Angela Toal examines the changes to welfare benefits and tax credits announced in the Government’s Spending Review in October 2010.
The Government’s Spending Review, which was presented to Parliament on 20 October 2010 and sets out the spending plans of each Department up to 2014/15, included £7 billion of cuts to the welfare budget.1 HM Treasury, Spending Review 2010 Cm 7942, October 2010, available from
The following measures, which constitute cuts in entitlement, were announced to ensure the welfare system ‘promotes work and personal responsibility’ while controlling expenditure:
•a household total benefit cap of around £500 a week for a single parent or couple and £350 a week for a single person from 2013;
•contributory employment and support allowance (ESA) to be limited to one year for those in the work-related activity group from April 2012;
•disability living allowance (DLA) mobility component to no longer be paid to people in residential care from 2012/13, unless they are fully self-funding;
•child benefit to be withdrawn from families with a higher rate taxpayer from January 2013;
•a requirement for working tax credit (WTC) couples to be working at least 24 hours a week between them, with one partner working at least 16 hours a week, to qualify for WTC from April 2012;
•WTC childcare element to be reduced from the current maximum of 80 per cent of childcare costs to 70 per cent from April 2011;
•WTC basic and 30-hour elements to be frozen for three years from April 2011;
•housing benefit ‘shared-room rate’ for single people under 25 to be extended to those aged under 35 from 2012/13;
•council tax benefit expenditure to be reduced by 10 per cent from 2013/14, with rebates determined locally by local authorities in England, and by the devolved administrations in Scotland and Wales;
•pension credit maximum savings credit to be frozen for four years from 2011/12;
•state pension age for men and women to be equalised at age 65 by November 2018 (currently 2020), and increased to age 66 by April 2020 (currently 2024).

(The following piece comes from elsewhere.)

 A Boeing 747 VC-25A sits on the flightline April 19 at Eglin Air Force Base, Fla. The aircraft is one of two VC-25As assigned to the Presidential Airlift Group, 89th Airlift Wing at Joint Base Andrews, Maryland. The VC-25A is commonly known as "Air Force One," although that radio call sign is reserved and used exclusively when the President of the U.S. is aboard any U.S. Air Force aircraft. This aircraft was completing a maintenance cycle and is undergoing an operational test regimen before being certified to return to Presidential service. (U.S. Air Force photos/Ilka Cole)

The following measures were also announced in the Spending Review:
•a universal credit to replace the current system of means-tested working-age benefits and tax credits from 2013 to 2017
•child tax credit child element increases, on top of those announced in the June Budget, of a further £30 above indexation in 2011/12 and a further £50 above indexation in 2012/13;
•cold weather payments increase to £25 to be made permanent;
•housing costs 13-week waiting period and £200,000 capital limit to be extended to January 2012 (no reference is made to the two-year limit on receipt of housing costs while on jobseeker’s allowance (see Bulletin 218)
The household benefit cap
The proposal is to cap the total amount of benefit that a household can receive at the post-tax median earnings level of working households. Most benefit payments, including income support (IS), jobseeker’s allowance (JSA), ESA, housing benefit (HB), council tax benefit (CTB), child benefit (CB) and child tax credit (CTC), are included in the cap, apart from one-off payments (eg, from the social fund) and free school meals. Those getting DLA, WTC and war widow’s pensions will be exempt from the limit.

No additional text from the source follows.